Revision history for this message
James P. Carter (jpcarter) wrote :

Sorry so late to the party...

I would also like to add to this that there should be a way to automate reporting via the /etc/apport/crashdb.conf or perhaps the /etc/default/apport file. This would make certain it is the more technically inclined users "automating" and this would also speed up QA issues while cleaning up a new release. I could be wrong but I certainly would love to auto-report start up process failures and server instances that fail quietly.

Throwing the email address that we have registered with launchpad into the configuration would be cool, and then when we next login to launchpad.... "confirm bug submittal"... no need to authenticate during bug submittal however the interaction would still be there once we "confirm".

It's on the wishlist so... why not desire everything we can eh! ;-)

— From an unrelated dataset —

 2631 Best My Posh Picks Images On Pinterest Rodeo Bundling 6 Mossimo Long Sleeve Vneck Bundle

Changed in apport (Ubuntu):
assignee: nobody → Evan Dandrea (ev)
Evan (ev)
description: updated
description: updated
Revision history for this message
Matthew Paul Thomas (mpt) wrote :

Evan, I assigned this to you because I think merely switching from Launchpad to the crash database fixes the bug as originally reported, not because any extra mode is required. (Notice that it describes the visible choice as "Good".)

A completely silent mode may be useful, but I think that's separate from this bug.

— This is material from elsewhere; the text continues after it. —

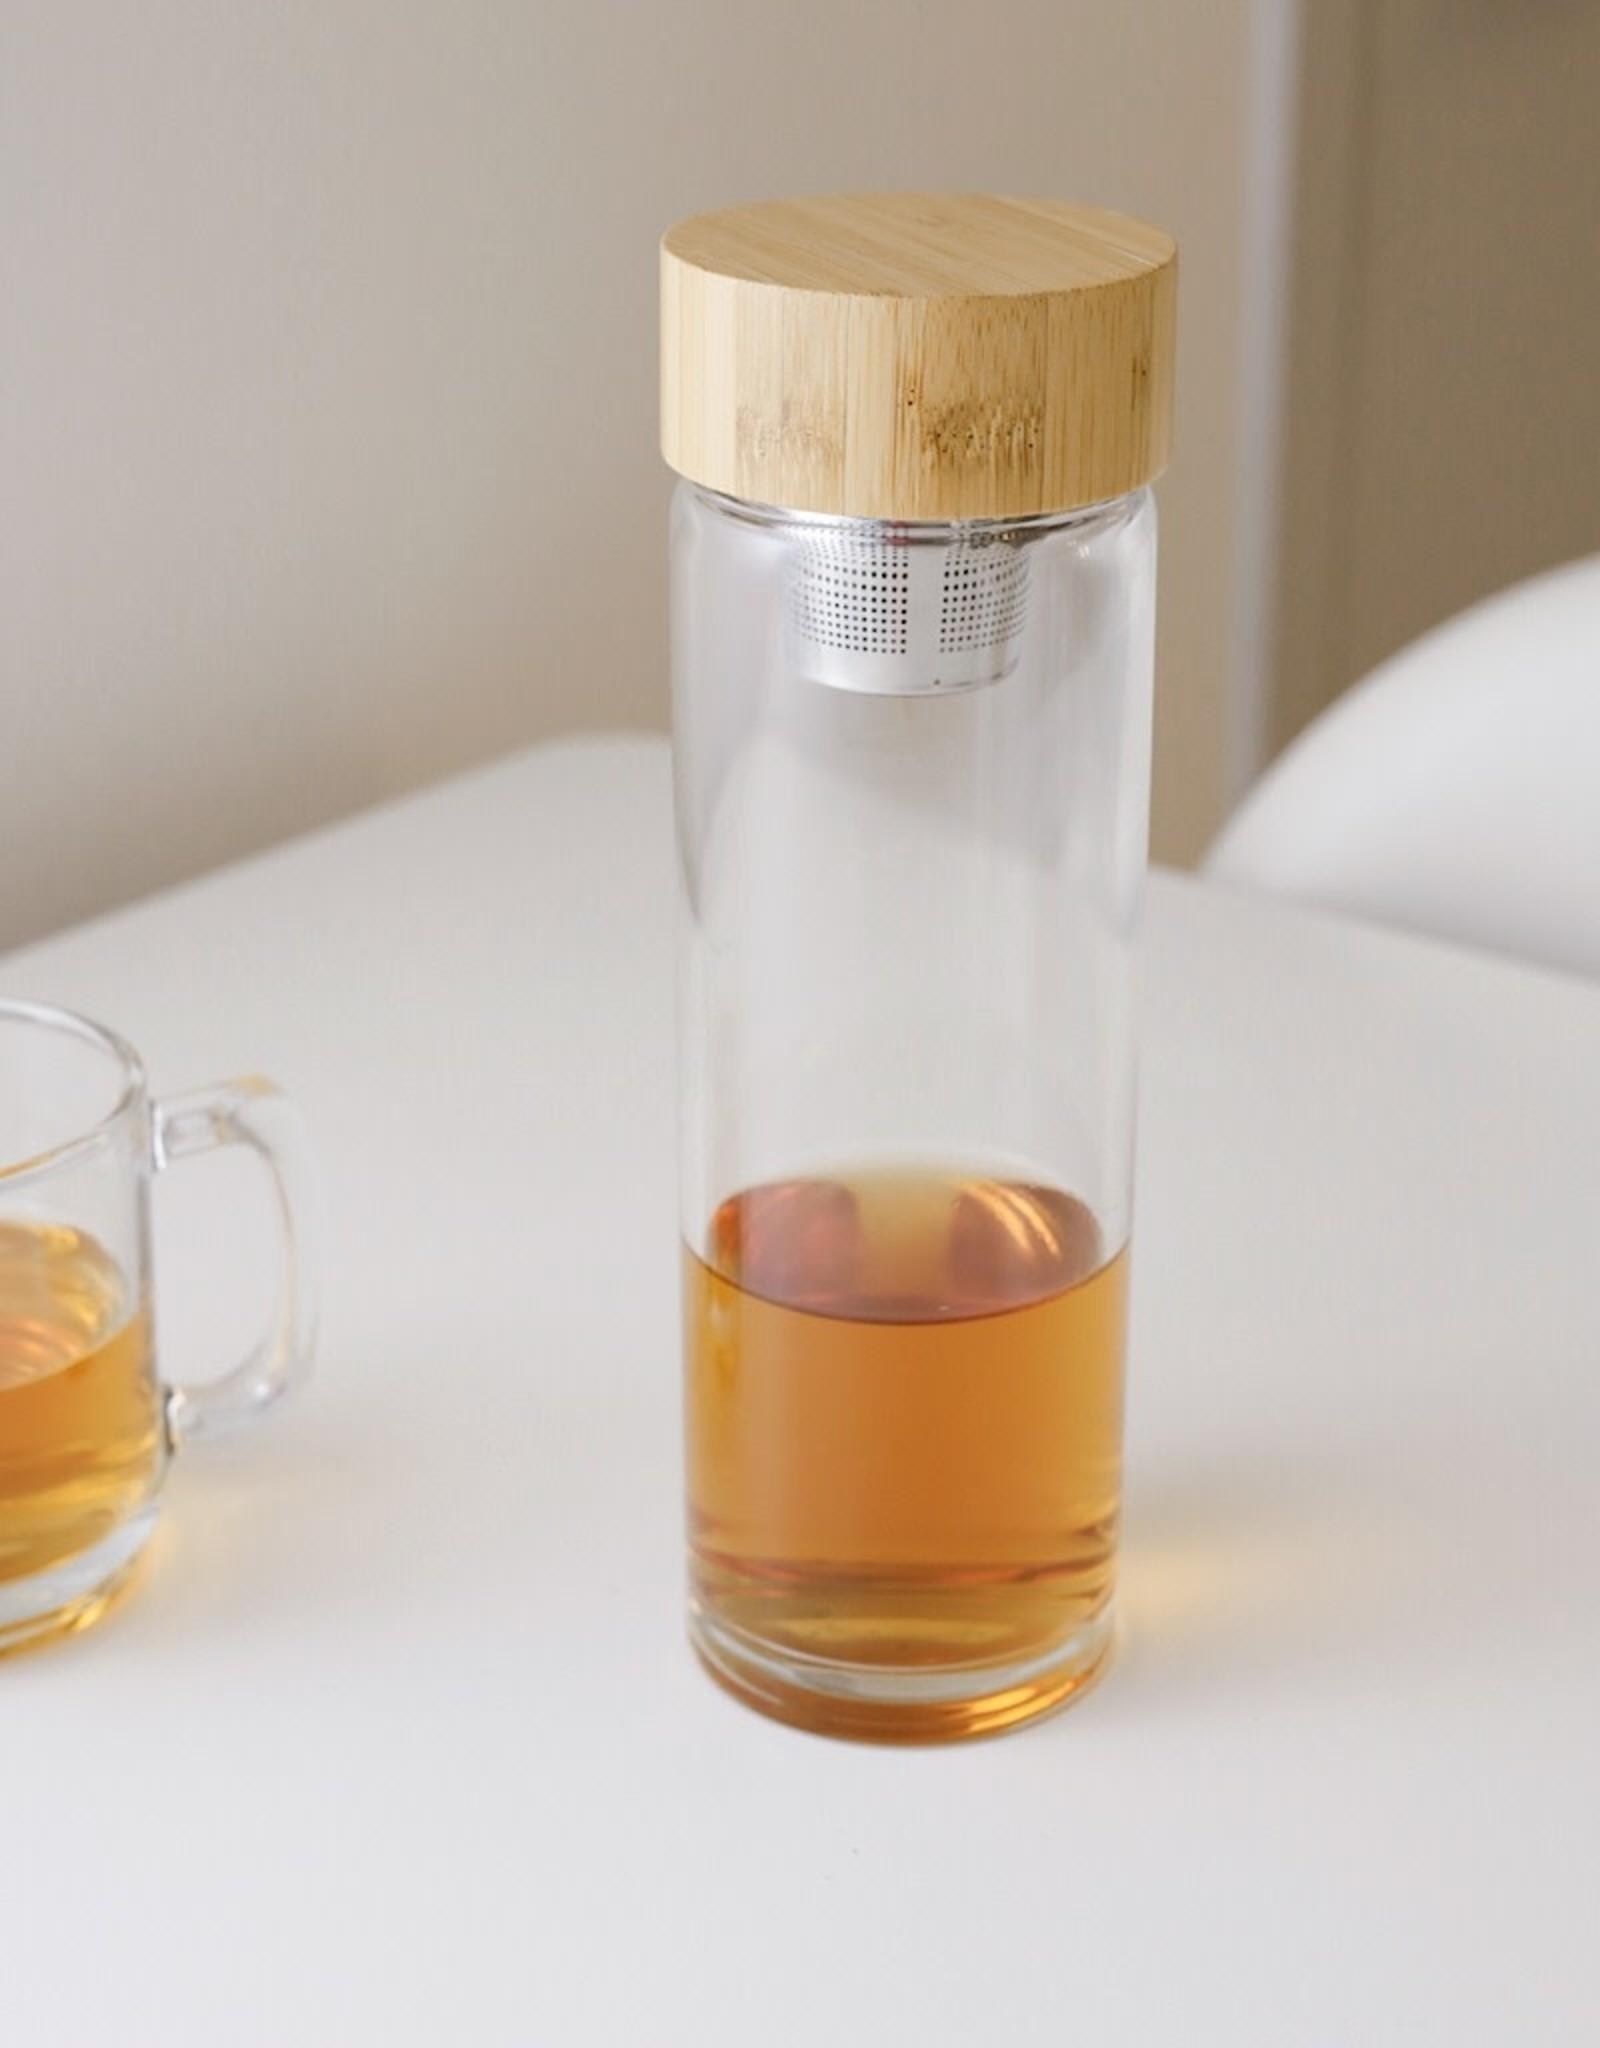 Kikkerland Zen Tea Infuser

Revision history for this message
Bob Bib (bobbib) wrote :

It's fixed in Precise.
---
apport (2.0.1-0ubuntu5) precise-proposed; urgency=low

  * etc/apport/crashdb.conf: Disable Launchpad crash/kernel reports for the
    final release. Leave Apport running for whoopsie, though, so use the new
    mechanism for selective problem types.
  * Cherry-pick from trunk:
    - data/general-hooks/generic.py: Bump minimum free space requirement from
      10 to 50 MB. 10 is not nearly enough particularly for /tmp.
      (LP: #979928)

 -- Martin Pitt <email address hidden> Wed, 18 Apr 2012 10:08:28 +0200

Changed in apport (Ubuntu):
status: Triaged → Fix Released
Revision history for this message
Fred (eldmannen+launchpad) wrote :

I don't think that reporting should be completely disabled.
Why is reports disabled in the final release?

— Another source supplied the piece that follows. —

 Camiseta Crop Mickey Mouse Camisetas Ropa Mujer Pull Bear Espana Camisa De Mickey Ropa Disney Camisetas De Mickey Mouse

Reporting issues is a good thing!
Presenting the user with a choice to report an issue, is a good thing.

I am just opposed to requiring the user to go through the inconvenience of registering an account on Launchpad.

Revision history for this message
Fred (eldmannen+launchpad) wrote :

Things gonna crash and users are not even presented with an option to report the issue?
I am sure that is gonna make users satisfied... -rolleyes-

Revision history for this message
Matthew Paul Thomas (mpt) wrote :

Fred, if you have tried 12.04 you will notice that it does still prompt you to report crashes, but it doesn't require you to sign in to Launchpad. All you need to do is click a button -- exactly what you suggested.

Revision history for this message
Fred (eldmannen+launchpad) wrote :

But now it seems reporting of crashes is going to be disabled in 12.10 Precise?

Revision history for this message
Matthew Paul Thomas (mpt) wrote :

Precise is Ubuntu 12.04, not 12.10, and reporting of crashes won't be disabled for either of them.